I'm with deerbunnyfarm although I haven't had the same problems they are just so annoying and in your face and ugh I just would rather not have bottle babies lol no matter how strict you are on them they still have their slip ups and just the other day one of my bottle babies was getting bred and of course she had to come to mommy and of course I got mauled by both the doe and buck because he only had one thing on his mind and she just wanted her mom. But as for the whole dairy part of it I have no idea. I know with my boers and few dairy girls I don't see how they ruin their teats except for when it comes to triplets


----------



## Little-Bits-N-Pieces (Apr 7, 2013)

FCDairy- Yes, I meant to mention that if you know what you are doing, all your bottle kids will be pretty uniform.

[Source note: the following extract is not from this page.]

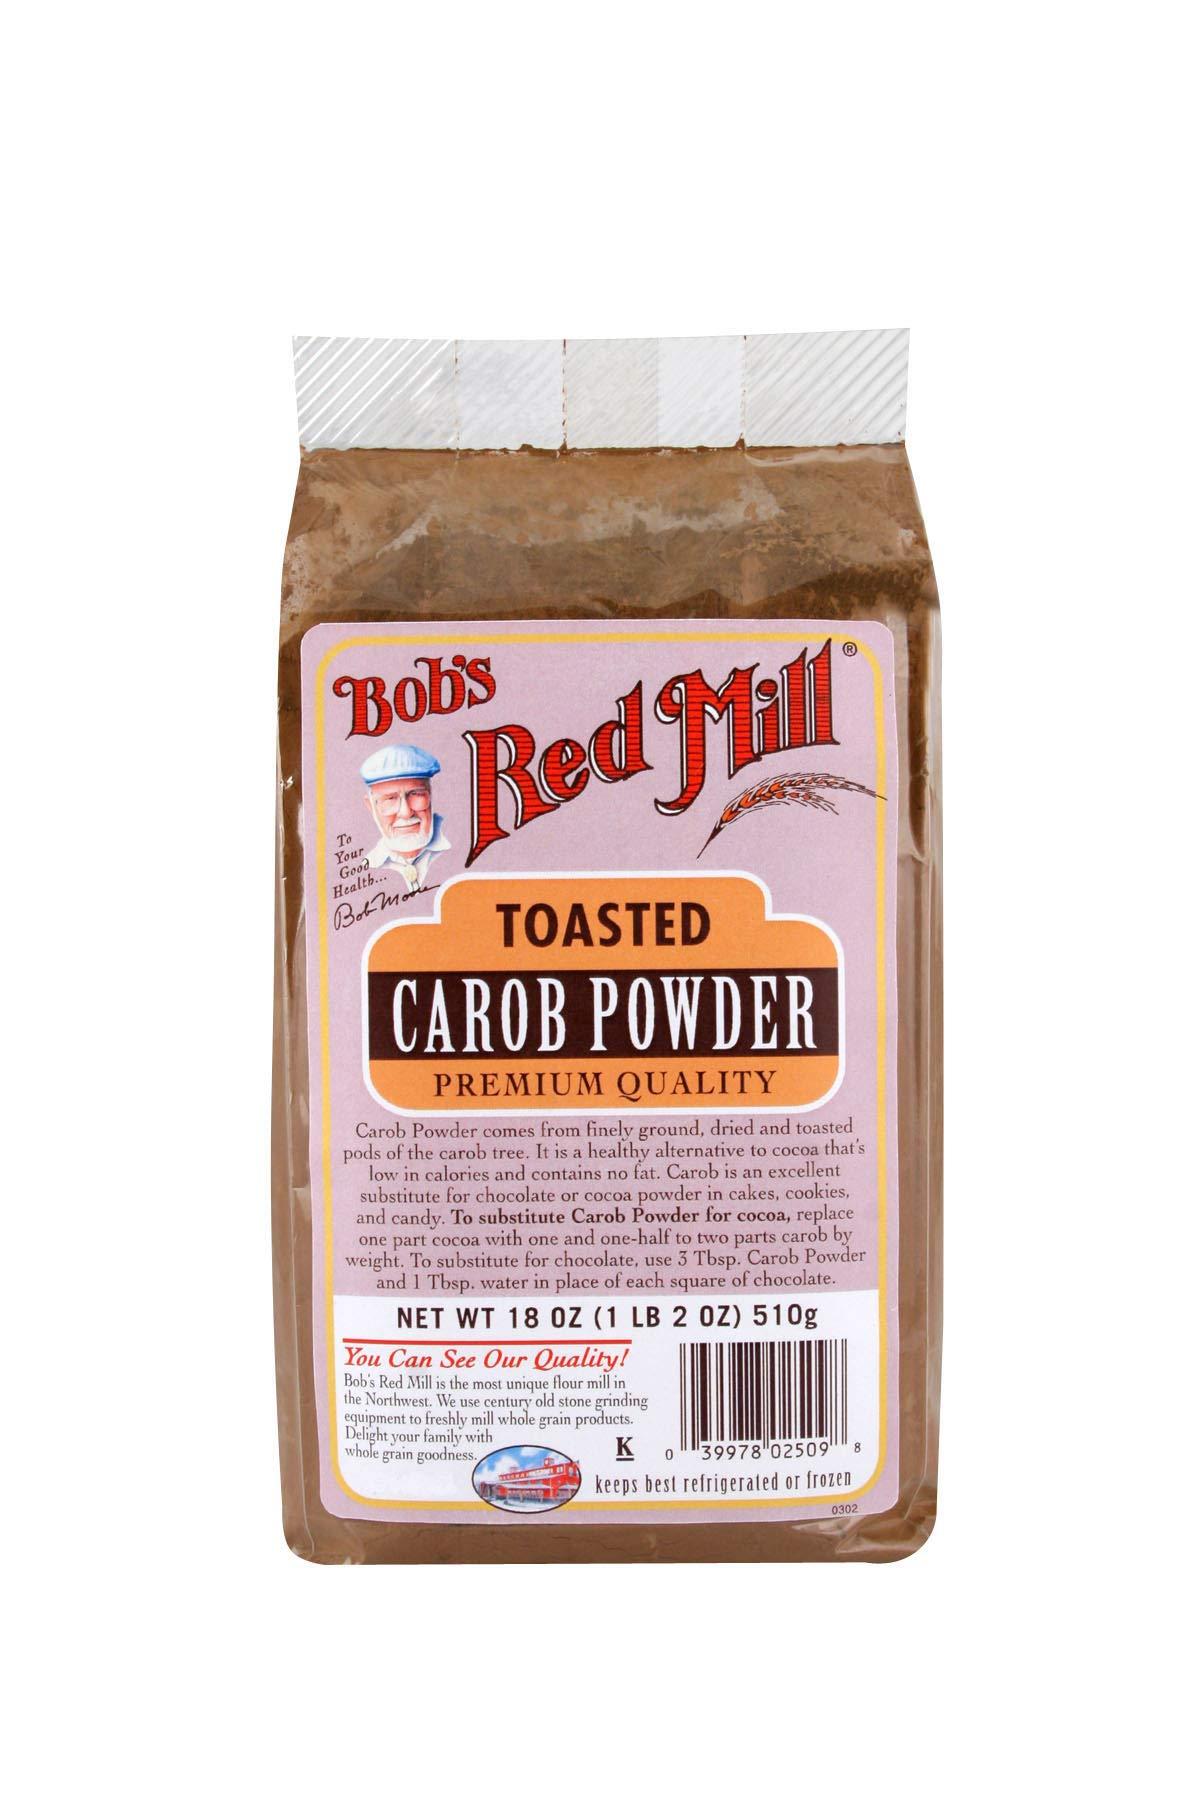 Bob's Red Mill Carob Powder Toasted - 18 oz - 2 pk

With dam raised twins you will almost always have a bigger more robust twin and it's sibling will be smaller, there is usually always a dominant twin. 
Sorry to hear about your dam raising experience, I've never had that happen. Do you know why all the kids were almost dying when with their dams?


----------



## Bree_6293 (Aug 4, 2014)

We have done both. We find they both grow as well as each other bottle or dam raised. We sell ours mainly as pets so if we have does that are not friendly enough we will pull their kids and bottle raise them so they are friendlier. Our friendly does raise their own and we get lovely friendly babies still. We only bottle feed of dams that are crazy and wild. Ones that are easy enough to handle and all that will raise their own. I have bottle raised does and bucks and all are just as respectful as my dam raised does and bucks. I have one buck that was dam raised on a not so friendly doe and never handled and we have Way more problems with him trying to handle him and do feet. We do show our goats so we want goats that we can lead and handle and can touch all over without having them jump around,


----------



## goathiker (Apr 14, 2011)

Why not Lacie :lol: 

Triplets are the hardest on a dairy doe, they will fight over the teats and rip them up. If your goal is milk, pulling kids allows you to move them on before you have any money into raising them. I will be pulling and isolating a buckling this year to be sold at 3 weeks old. He is reserved as a horse companion and we don't want him bonded to goats. I will also be pulling the kids off my yearlings so I can develop their udders properly. 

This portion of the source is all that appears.